The fire and wood are here,” Isaac said, “but where is the lamb for the burnt offering?”

As a mother, I cannot do anything but head right for the emotions of the moment. How did it feel to be Abraham preparing the sacrifice of his son at the command of God, who had been all about the promises of descendants as numerous as the stars? Despite departing right away the next day, it was still a three day journey to the mountain where the sacrifice was to take place. Three days of contemplating the loss of his beloved son. Three days of wondering how God would work things out. Three days of surrendering. It could not have been an easy journey.

And how did Isaac feel, once they arrived, tied up and placed on the prepared altar, wood loaded and knife in his own Father’s hand? Did he go calmly? Did he really think, “Wow, my Dad is truly faithful. He’s amazing!” I don’t think so.
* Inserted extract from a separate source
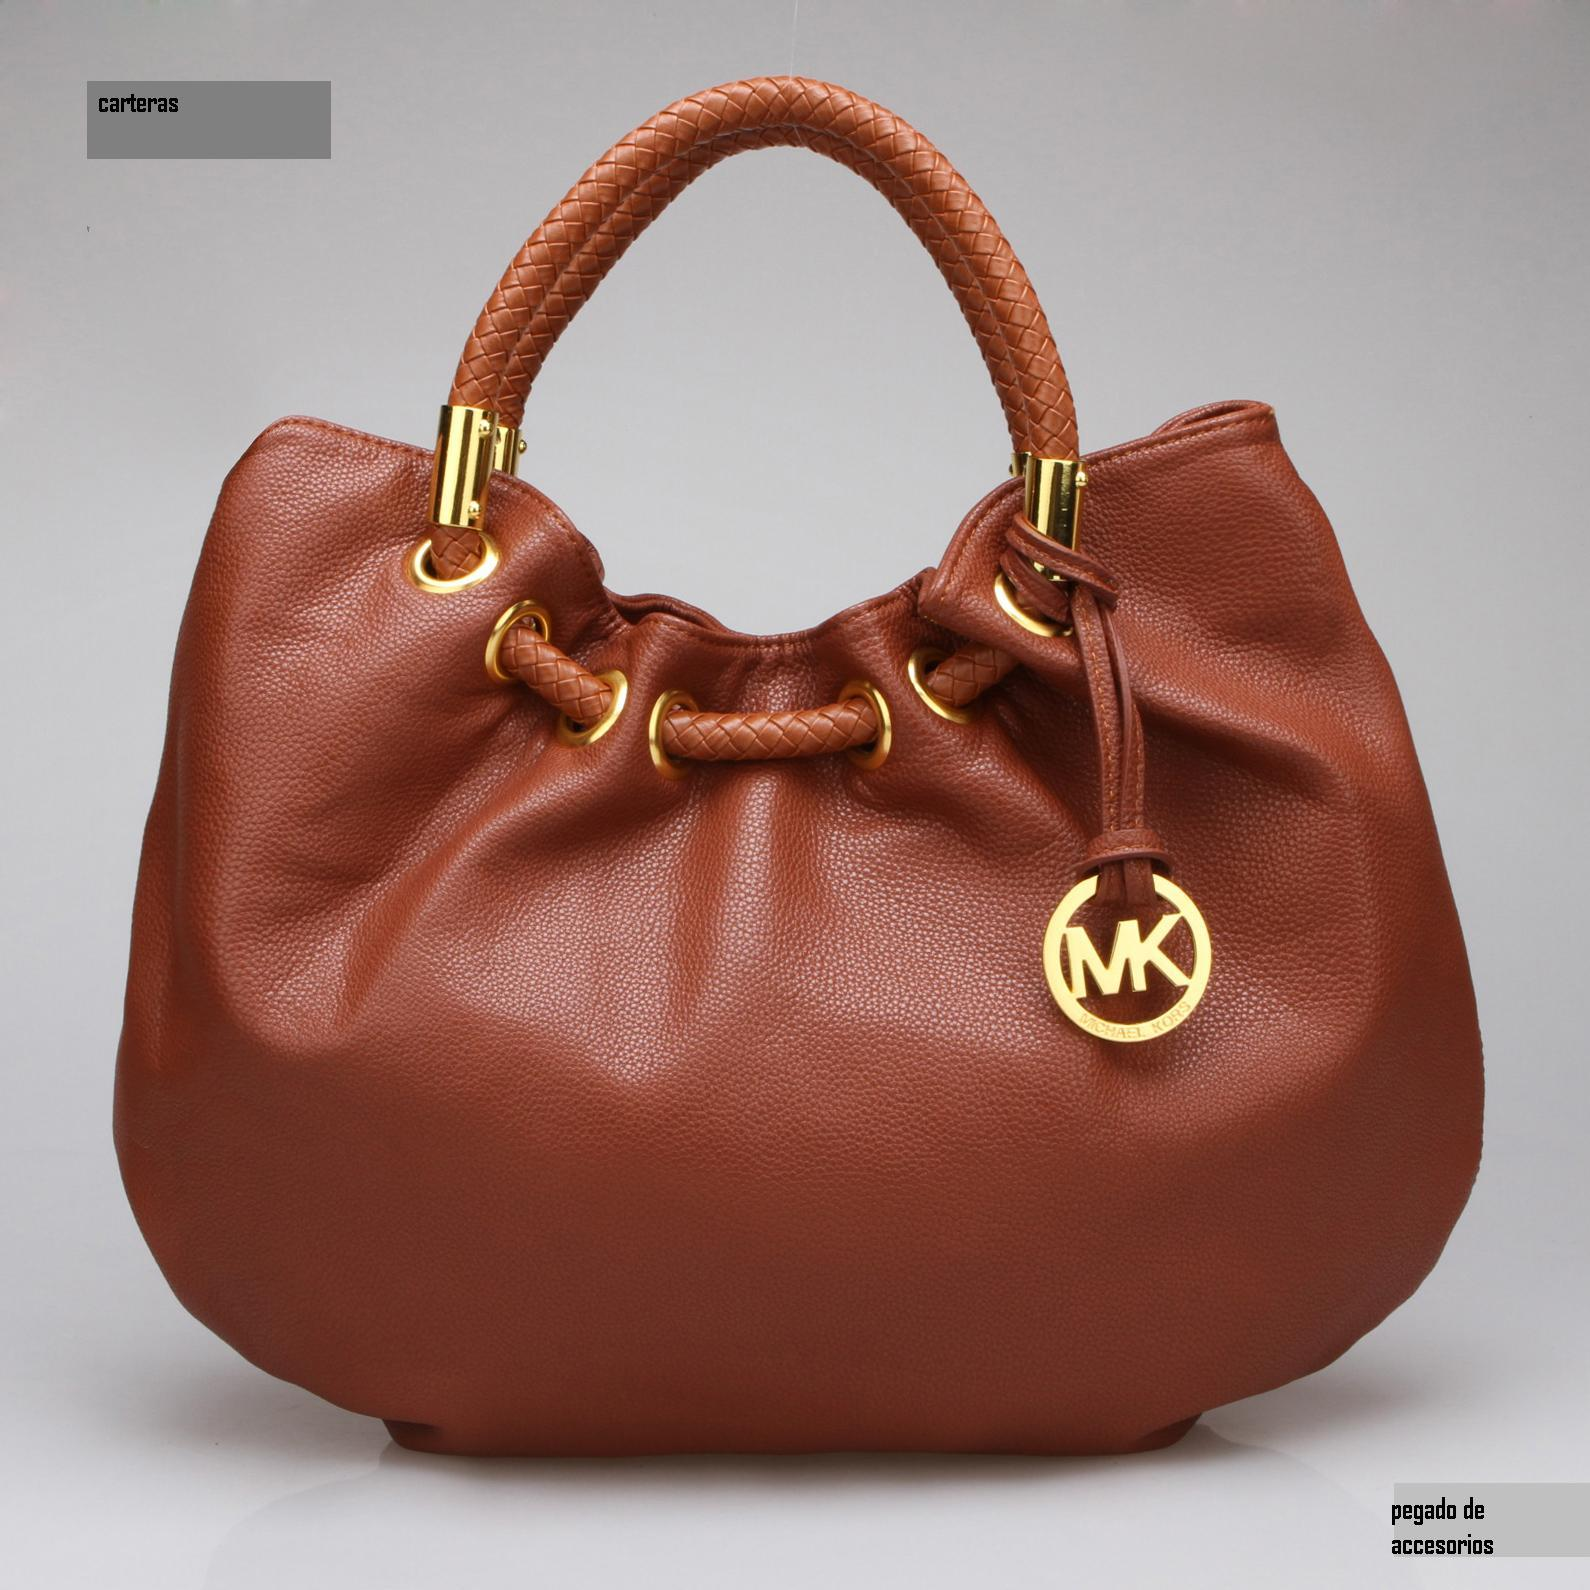 carteras de cuero repair purses bags suitcases and

In fact, we don’t really hear about the relationship between Isaac and Abraham after this experience at all until Abraham is “very old” and acquires a wife for Isaac who is now forty years old. What was Isaac up to all those years? No telling. We will never know.

But it doesn’t change the story, does it? Whether they feared or not feared, whether they cried or screamed or complained, it didn’t matter. Abraham acted. Abraham took his “here I am” seriously, because “here I am” also means I am willing to do whatever you ask me. No one says, “Here I am” to God and then follow up with, “I’ll think about it.” And because Abraham had already agreed to do whatever God asked him to do, he followed through.
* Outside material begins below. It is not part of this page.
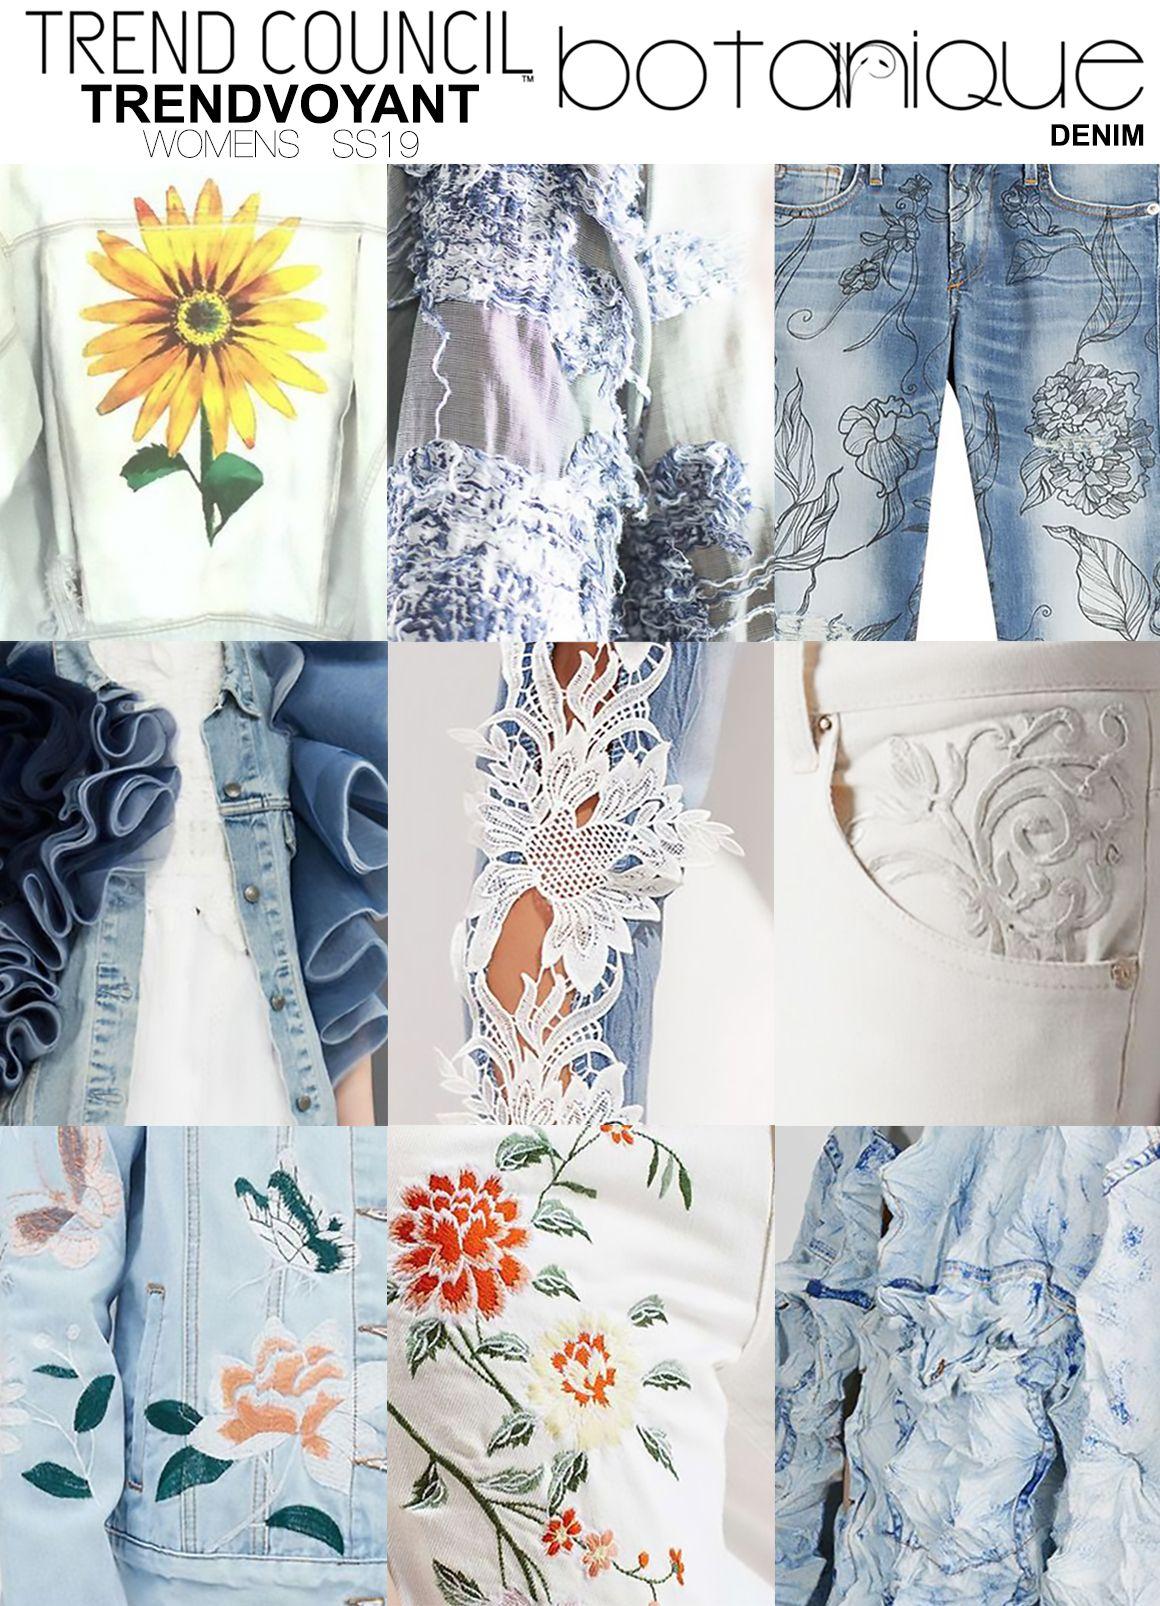 01 5 botanique denim | коллаж | Fashion trends, Fashion ...

And really, here’s the truth of it for me. When I became a follower of Christ more than thirty years ago, I also said, “Here I Am.” I think I’ve been forgetting what it meant. And, quite honestly, I’ve put my head in the sand about the lamb, figuring Jesus did all that hard work. And that’s basically true, but there are the daily sacrifices and the long-term ones. There are still challenges and obedience.

The lamb is here.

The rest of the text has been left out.